Dall, Horace Edward Stafford (1901-1986), born Chelmsford, but raised by relatives due death of mother in 1903. Having received a basic education he left school aged 14, taking various technical jobs and continuing his tution at his local technical college in Luton. It was through his tutor’s recommentations that he was recruited by George Kent Ltd., with whom he stayed until retirement. He is best remembered for his technical and optical skill in the manifacture of telescopes and the camera obscura. The latter was featured in the later editions of Amateur Telescope Maker, vol.2 (Obit., JBAA, 97 (1987), 76-80).

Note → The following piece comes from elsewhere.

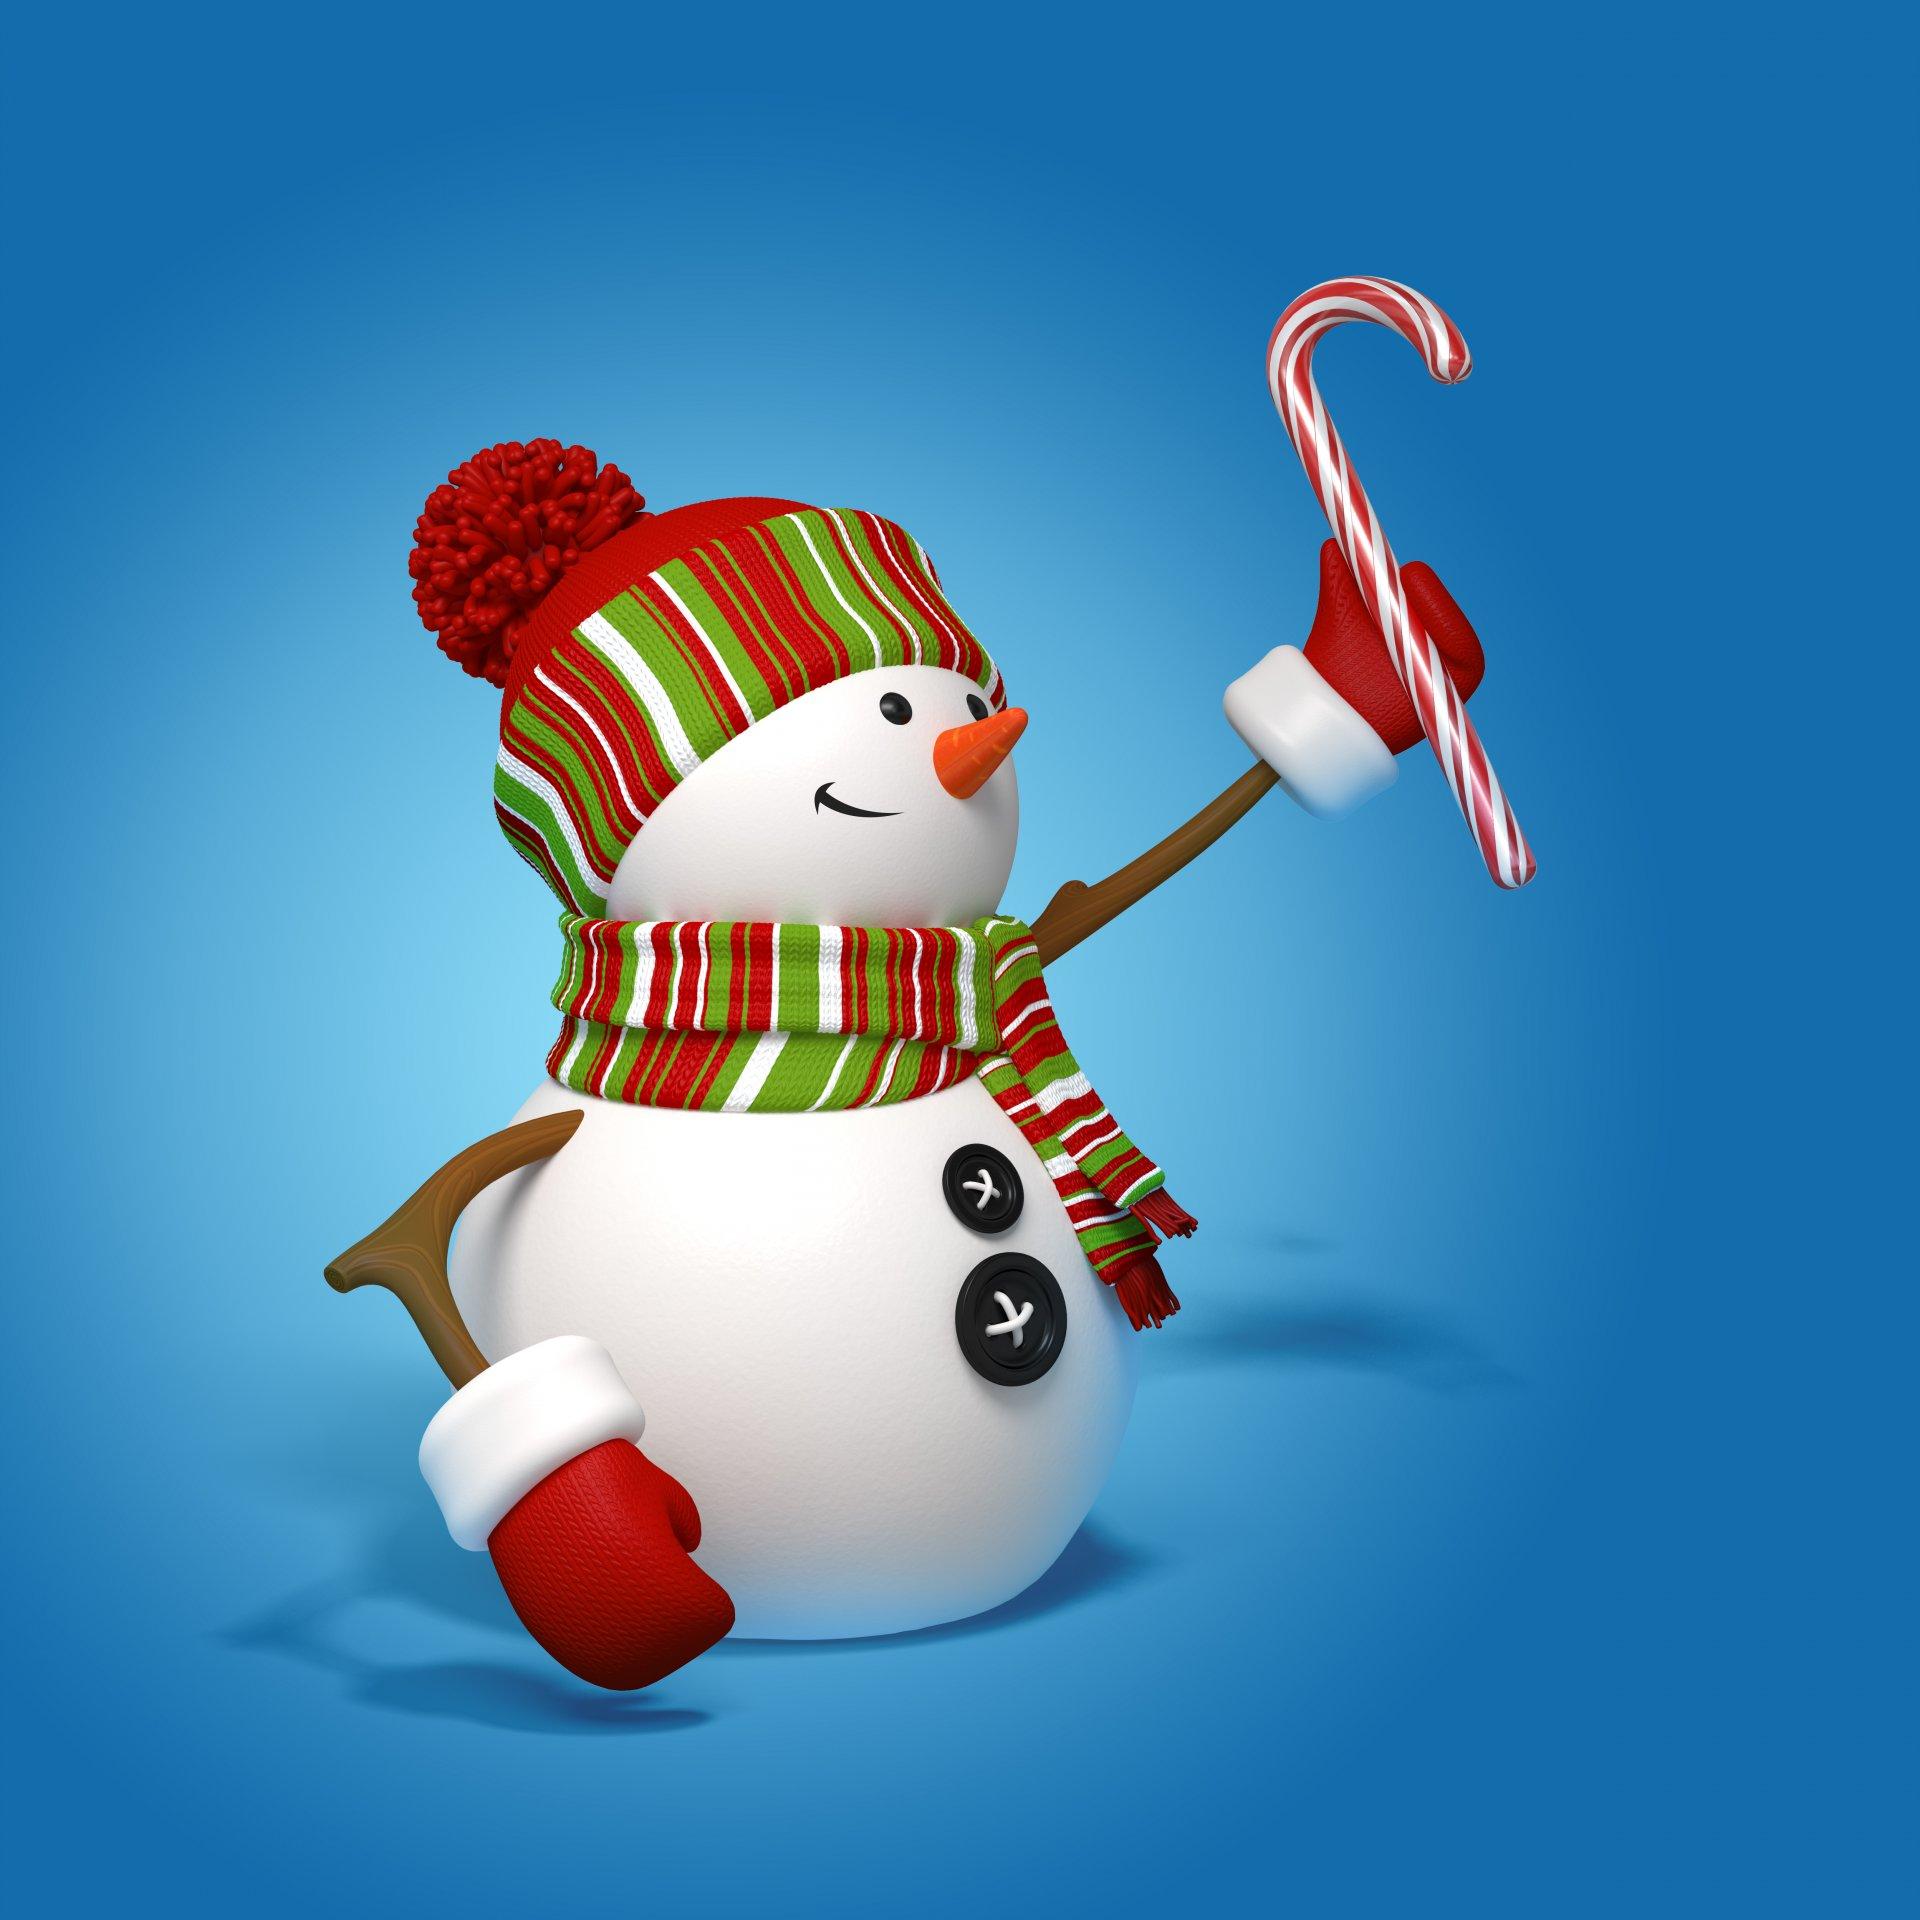 Картинки снеговики, картинка

Elger, Thomas Gwyn Empy (1836-1897), an engineer born in Bedford and continuing to live there. Member Liverpool A.s. First Director of the BAA Lunar Section 1892-97. A cartographer and draughtsman of the highest order. He observed with a 8.5″ (21cm) reflector, and published an 18-inch chart in 1895 (Leatherbarrow 2013).
Hawkins, Hester Periam [nee Lewis](1846-1928), born Wantage, Berkshire where she lived until marrying the Rev. Josuha Hawkins. In 1879 he gave up his ministry and the family moved to Bedford. Amongst Hester’s various religious, social and political interests, she was fond of astronomy. She was the author of a series of small texts on the subject (1905-29) and became a fellow of the RAS in 1921 (Obit. MNRAS, 89 (1928), 308-9).

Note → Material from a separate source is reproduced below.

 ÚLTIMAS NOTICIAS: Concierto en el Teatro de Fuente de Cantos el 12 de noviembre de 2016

Simmons, Hugh (1891-1962), of ‘Solaris’, Edlesborough, Dunstable, Beds. He worked at Whipsnade Zoo. He used a 10cm refractor for solar work, mostly drawing sunspots and prominences. A member of ‘Mr Barker’s Circle’, an observing group of eight men active from April 1934 to December 1938 and May 1946 to May 1948. See: Hertfordshire, Robert Barker, and for an excellent article (McKim 2013).

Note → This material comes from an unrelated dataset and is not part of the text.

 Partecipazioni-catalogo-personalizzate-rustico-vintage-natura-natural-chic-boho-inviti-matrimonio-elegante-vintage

Smyth, William Henry [Capt.](1788-1865), born in Westminster, Middlesex. Through his naval career, he met Giuseppe Piazzi, director of the Royal Palermo Observatory with whom he observed before returning retiring to Bedford in England on half-pay. Here he established his Bedford Observatory equipped with a 5.9-inch Tully refractor to compile his Bedford Catalogue (1844). In his book Smyth drew a plan and described his observatory as being ‘a plan on as small and economical a scale as was consistent with the required efficiency’, he encouraged ‘the Uranian aspirant’ with a 5-foot [i.e. 3¾-inch object glass] (p. 370); the English climate required ‘moral courage’, so he addressed not ‘a dabbler’ but ‘the amateur’, ‘the true Uranian’ (pp. 378 and 383); similarly he differentiated ‘mechanicians like Troughton’ (p.380) from ‘indifferent workmen’ (p. 384). This was powerful persuasion. Hence the book, combined with Smyth’s activity and influence within the RAS, was very influential (Chapman 1997, ODNB).
Whitbread, Samuel Charles (1796-1879), born Bedfoprdshire (?), he was MP for Middlesex before inheriting a large family estate at Southill. With an interest in astronomy, here he erected a small but well-equipped observatory – survives as a time-capsule. He was a founder of the Royal meteorological Society along with John Lee and James Glaisher (Obit. MNRAS, 40 (1880), 207).